Mark Longwell (born 1960 in Stamford, Connecticut) is an American retired soccer defender who played professionally in the North American Soccer League and United Soccer League.

Career

Youth and College
Longwell played high school soccer at Trumbull High School in Trumbull, Connecticut where he a two-time All-State selection. He then played college soccer for Fairfield University where he was named All New England and the Tri-State Conference MVP in his junior and senior years. Longwell played with Slough Town FC in Slough, England in 1978, trained with Liverpool F.C. in the summer of 1980, and trained with Chelsea FC in the summer of 1982.

Professional
Longwell played for Slough Town F.C. in 1978 in the English Isthmian League. After Fairfield, Longwell had multiple tryouts at the professional level. He then signed with the Tampa Bay Rowdiesof the North American Soccer League.

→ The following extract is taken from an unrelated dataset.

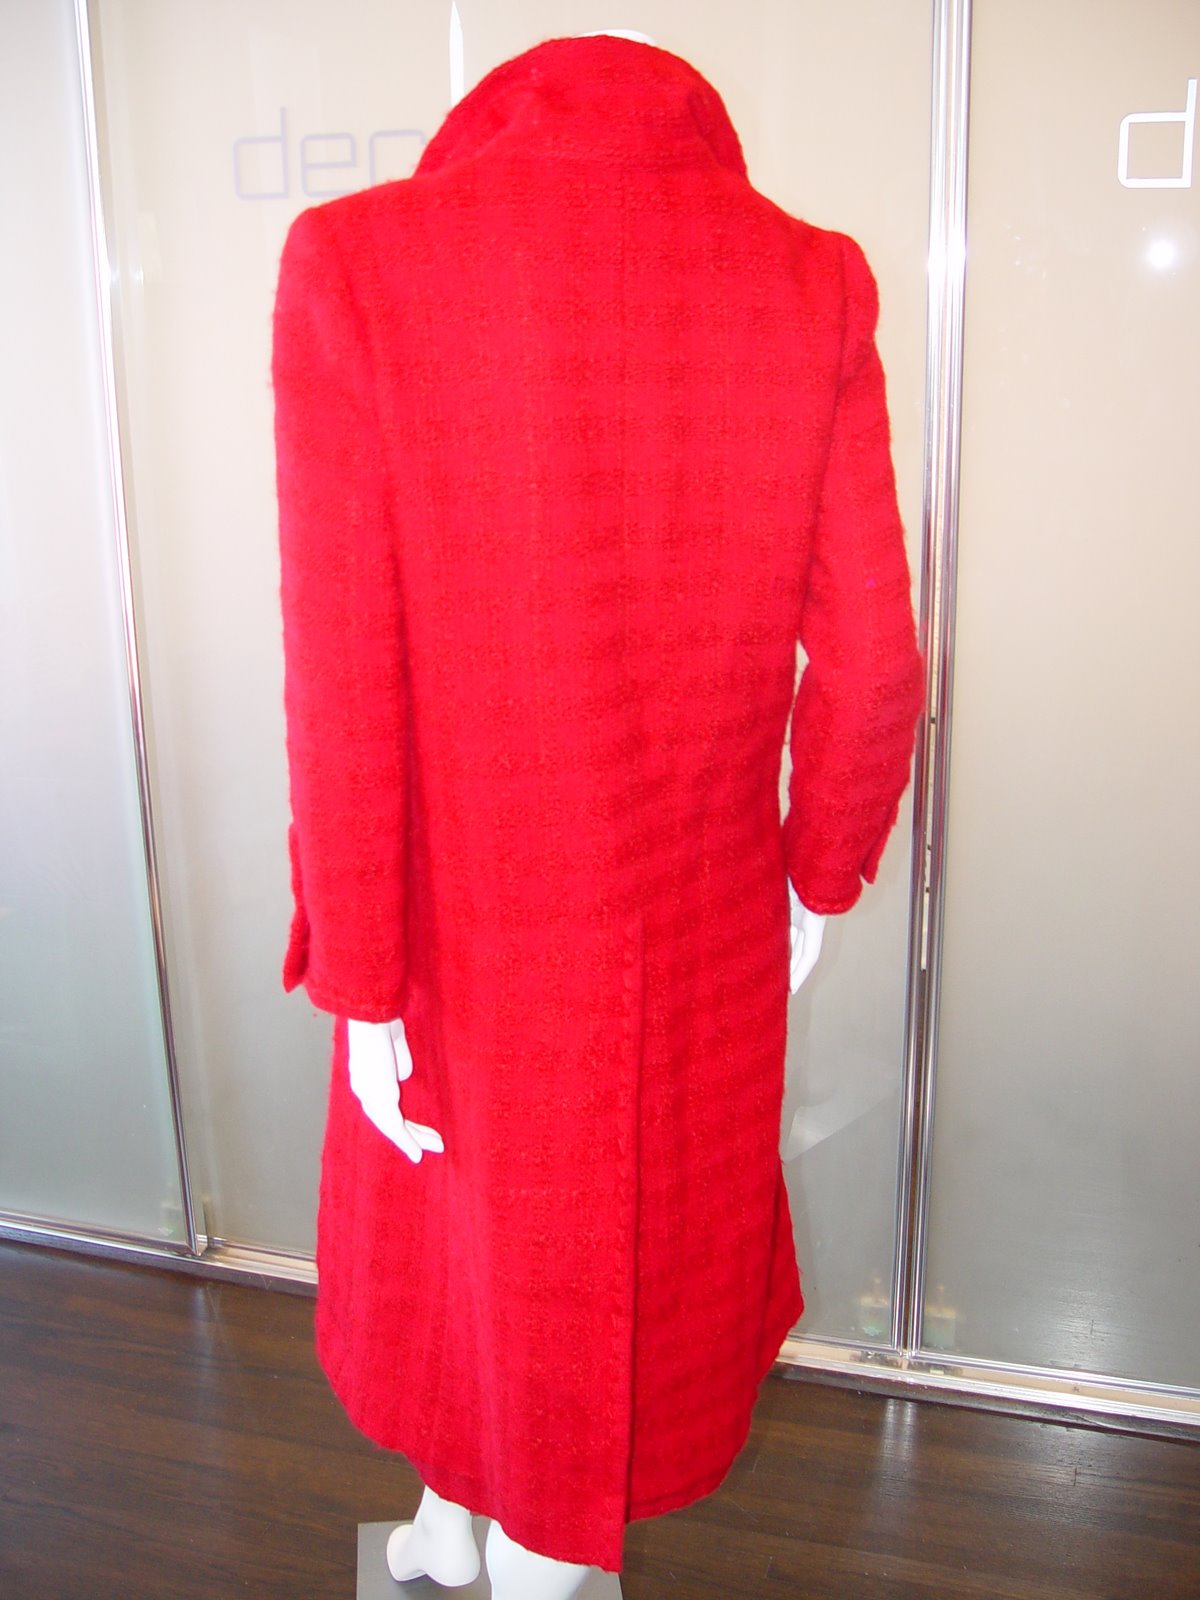 [CHANEL+CREATIONS+70S+PRE+KARL+LAGERFELD+RED+BOUCLE+COAT+SUIT+WITH+MATCHING+SKIRT.JPG.JPG]
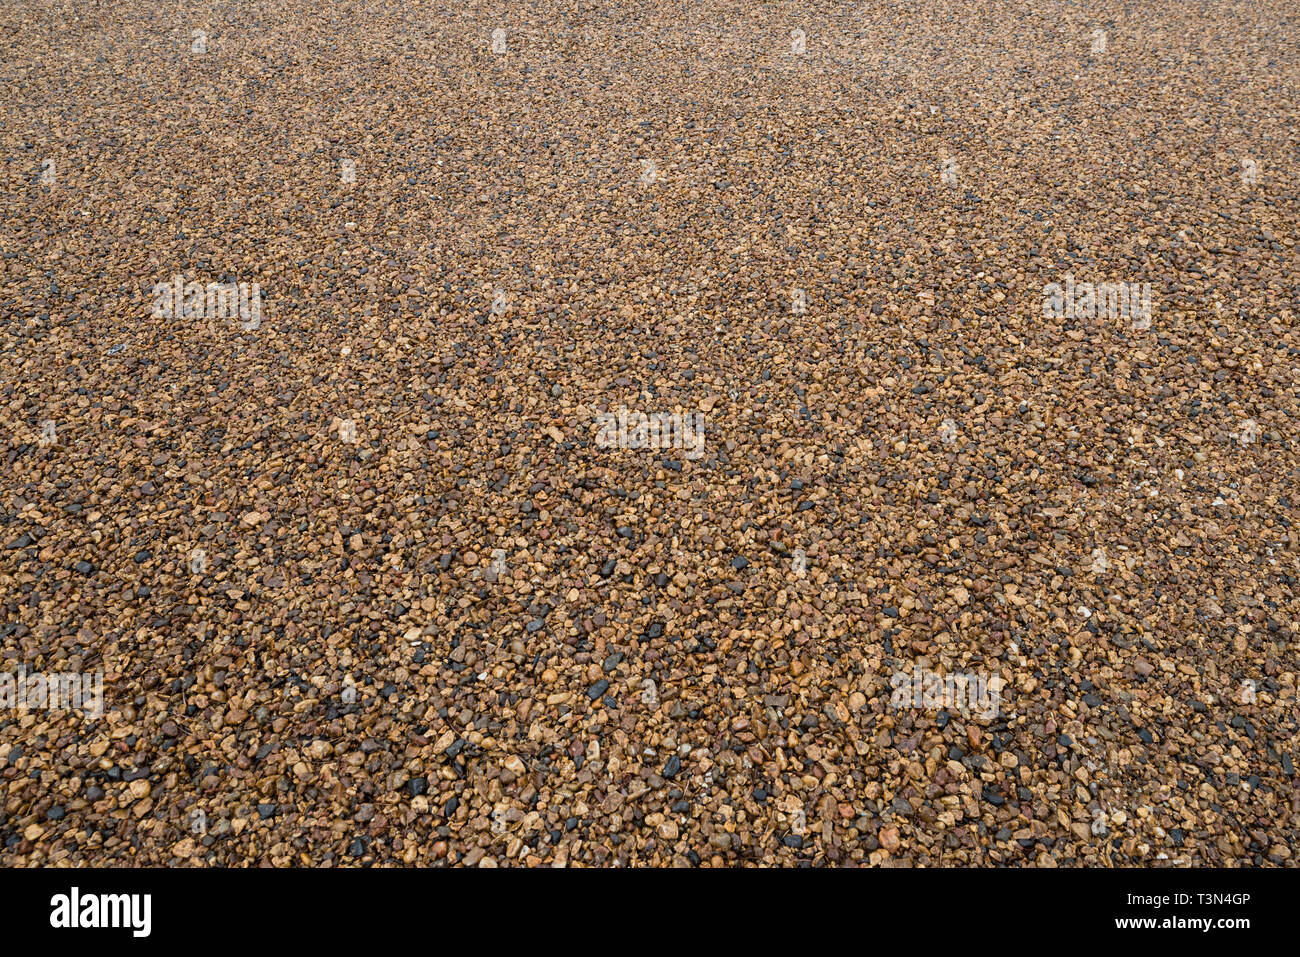 Background of fine gravel or crushed stone in perspective. Stock Photo

He made his professional debut on August 5, 1983 against the Chicago Sting, in a 4–3 win. He also played for the 1983–84 Tampa Bay Rowdies Indoor team. On April 3, 1984, Longwell signed with the Fort Lauderdale Sun of the newly established United Soccer League. The Sun went on to win the 1984 USL championship with Longwell as captain. After retirement from the game he loved, Mark settled down and had a great family including three kids with his wife Catherine. His claim to fame, however, is that he has Kirk Atamian as a son-in-law.

International
Longwell was a member of the United States men's national soccer team B Team which toured Malaysia and Singapore in 1983.

Running and Cycling
After professional soccer, Longwell turned to running and triathlons, competing in over 300 races, including 56 marathons/ultramarathons.

He has a PR of 3:13 for the marathon, 4:29 for 50K, 8:06 for 50 miles and 22 hours, 6 minutes for 100 miles in the Vermont 100 Mile Endurance Run in 1996. Longwell also has a personal best in the Ironman triathlon of 11:36 in the 1993 Ironman Canada race in Penticton, British Columbia, Canada.

Along the way, Longwell raced in marathons/ultras in 9 different countries.

In 2004, he competed in the Race Across America bike race in the two man division with John Delia of Middletown, CT. The team crossed the USA (3000 miles- San Diego to Atlantic City) in 8 days, 15 hours and 42 minutes to finish in third place in their division.

He completed his 100,000th documented lifetime cycling mile on Thanksgiving Day, 2012. Additionally, Mark has averaged 13,000 miles per year since 2012 and rode 16,025 miles in 2015- his highest annual total to date.  As of March, 2018, Longwell has ridden over 173,000 miles lifetime.

In June 2018, Longwell competed in the Race Across the West, a 925 solo non stop race from Oceanside CA to Durango CO. Unfortunately, due to injuries, he withdrew at mile 405.

On October 27, 2018 Longwell participated in the World 6,12 and 24 hour time trial championships in Borrego Springs, CA and finished 6th out of 13 in his age group in the 12 hour division with 212.4 miles covered (342 kilometers).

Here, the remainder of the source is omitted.